Stock Markets: Prediction Time
As 2017 starts to wind down we will soon be inundated with price targets for the S&P 500 for 2018. This has already started to trickle out of course with a few here and there. Credit Suisse is looking for 2875 for example while Goldman Sachs is calling for 2850. There are more out there with more likely to come.
About a year ago, Business Insider posted 2017 predictions from many of the brokerage houses with most of them congregating at 2300-2325 for the S&P 500. The idea of congregated predictions is something I learned about many years ago during my time working at Fisher Investments. Ken Fisher, the firm’s namesake, observed that these predictions have a tendency to gather in the same areas and this has been true far more often than not.
Part of the equation here, yes this is skeptical, is career risk. Strategists take on some amount of career risk when they are terribly wrong by themselves.

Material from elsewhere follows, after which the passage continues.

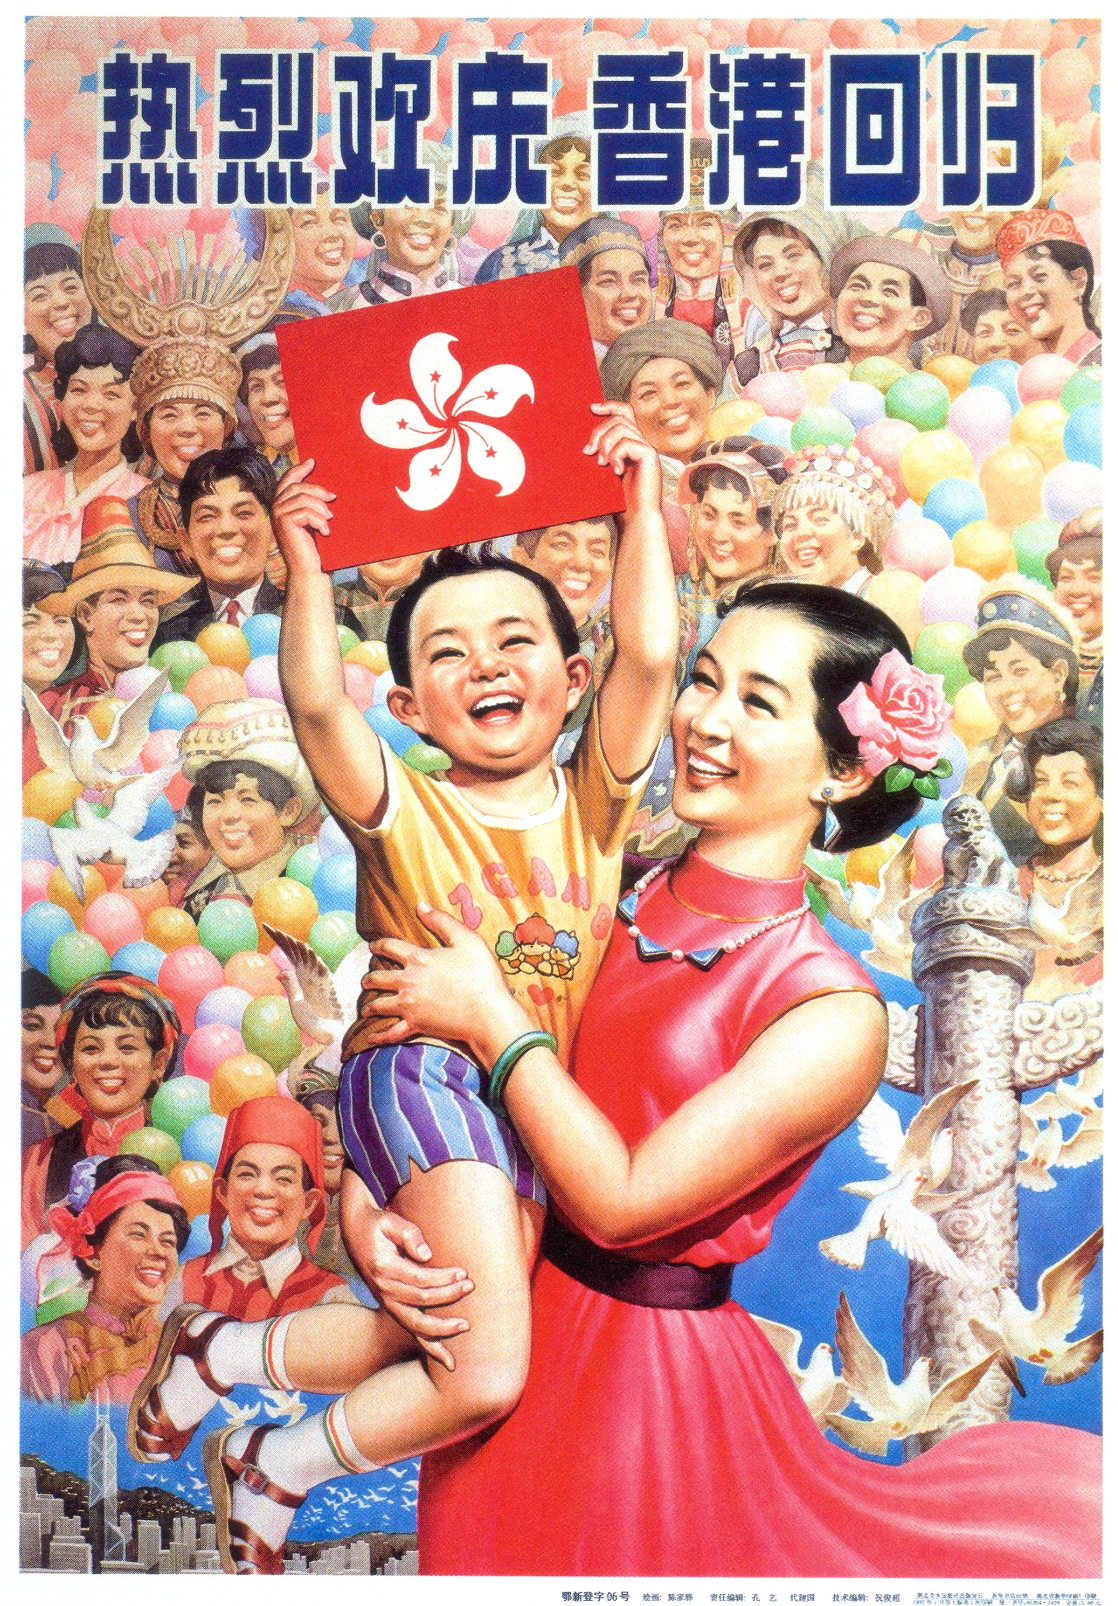 Enthusiastically celebrate the return of Hong Kong — Chinese poster

If they are terribly wrong in a crowd, they can point to they’re having been in line with consensus.
Fisher took the idea further, believing that if most of the strategists are congregating around a 10% gain, that the crowd is probably wrong, that such a group of predictions is probably priced so from there he would try to ascertain whether conditions favor the market’s doing better than that consensus or worse.
No one can know what the market will do, especially over the course of some arbitrary period like a calendar year but I do believe in taking an inventory of the positives and negatives to try to glean a more probable outcome, almost like a diffusion index.

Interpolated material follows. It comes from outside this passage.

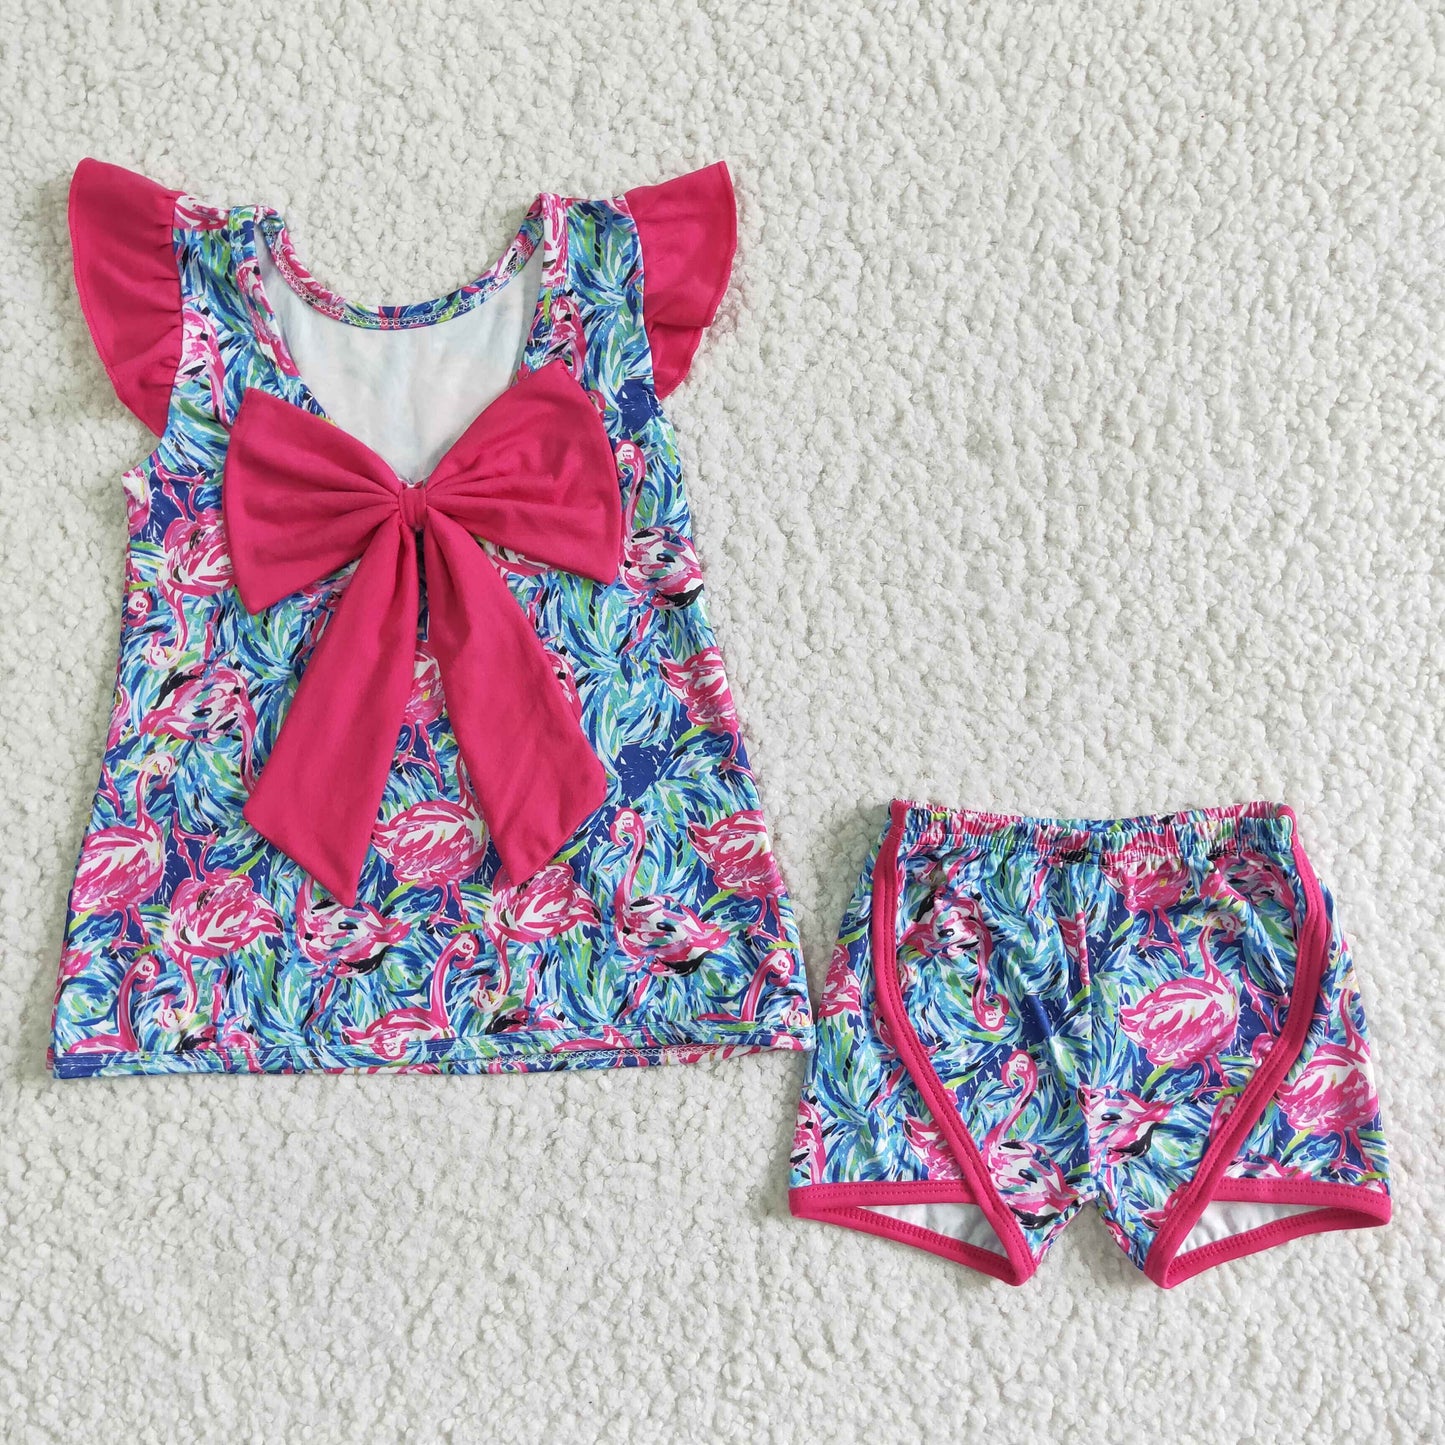 Infant baby girls summer outfit

The narrowing leadership and breadth indicators have been negative for quite a while as just a handful of stocks have done much of the lifting of the index this year. This is unquestionably a negative in my opinion but the predictive value for when the market will turn down isn’t very good. Bad breath in this context could remain bad for quite a while longer. What if the same four or five mega-cap tech stocks that have propped up the market in 2017 go on to all double in 2018? That’s not a prediction but if it were to happen, I would think the S&P 500 Index would be up a lot.

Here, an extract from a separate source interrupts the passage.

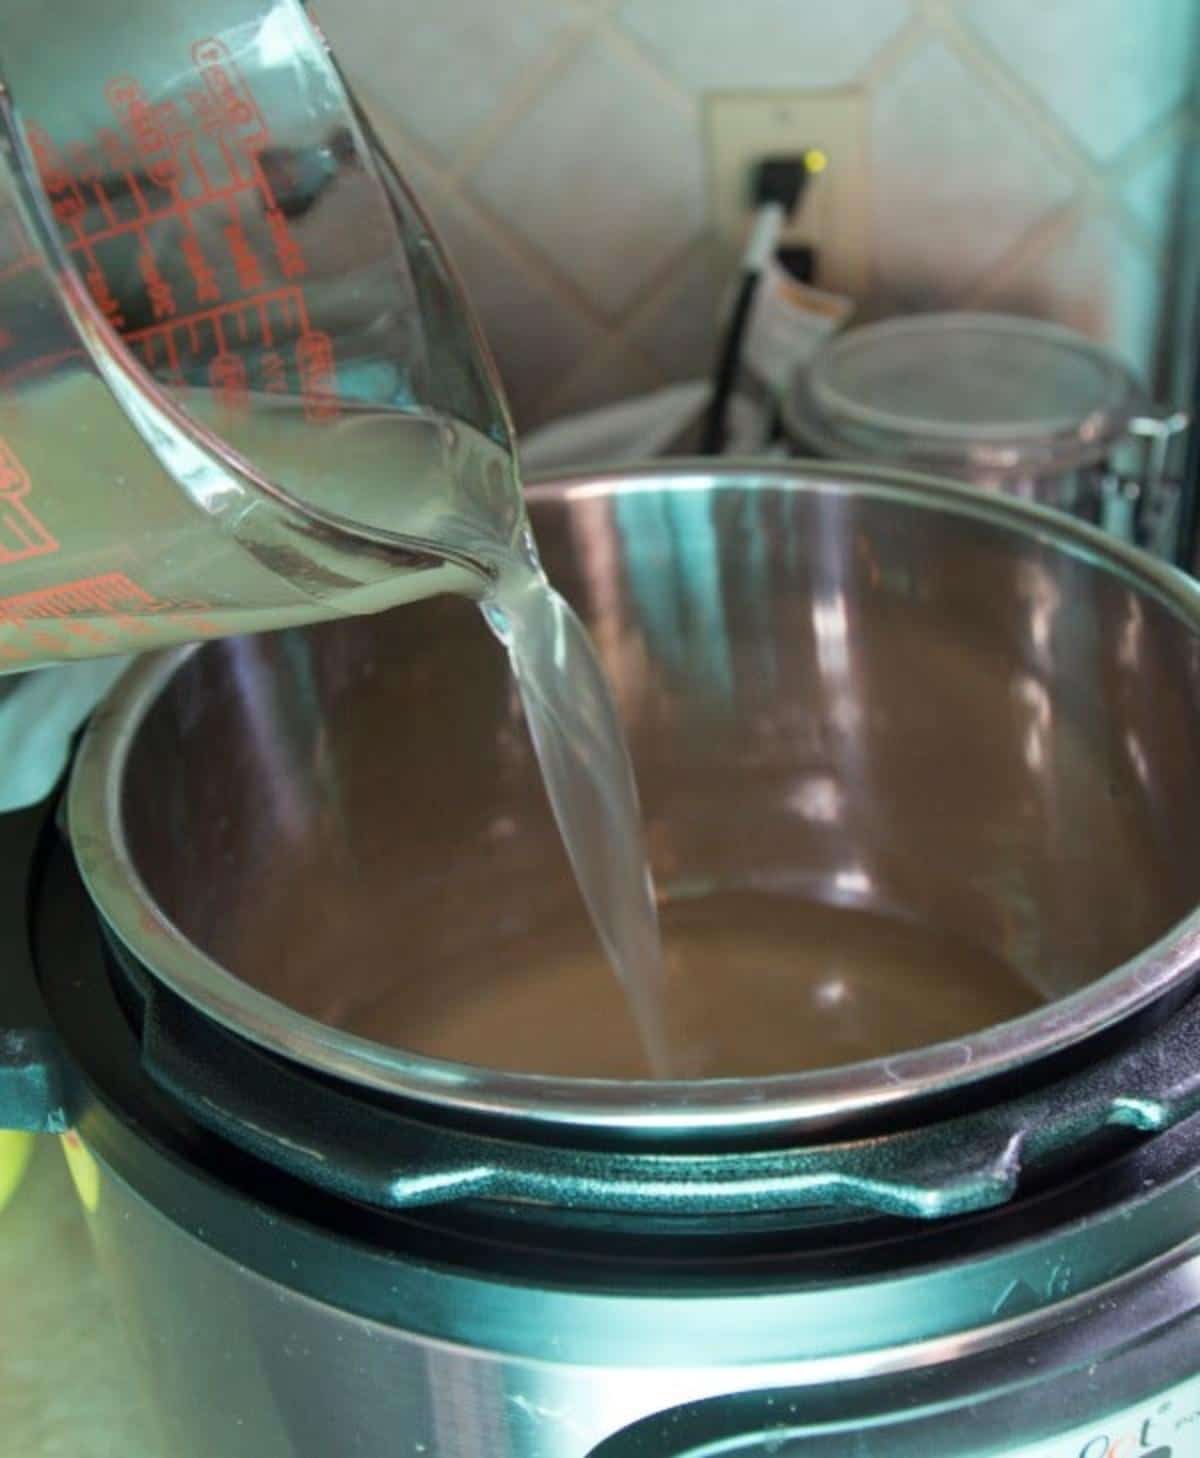 Broth being poured from a glass measuring cup into an instant pot.

I tend to think that signs the market is rolling over offer more predictive value than breadth and for now, the market is not rolling over in my opinion. Whenever that does happen, now or later or much later, I would want to take defensive action but that hasn’t happened yet.
No matter what conclusion you draw, realistically it is a guess which is why sticking to investment process is the most important thing. At 18% YTD for the S&P 500, it is up a lot this year. An investor with a reasonably diversified portfolio who stayed invested is probably pretty close to that 18% either way. Pretty close could mean 13-14% or maybe somewhere in the twenties but someone up 6% because they made changes based on some sort of prediction (their own or someone else’s) has wasted a year in which the market went up a lot. We don’t necessarily get a lot of 20% years, so they shouldn’t be wasted.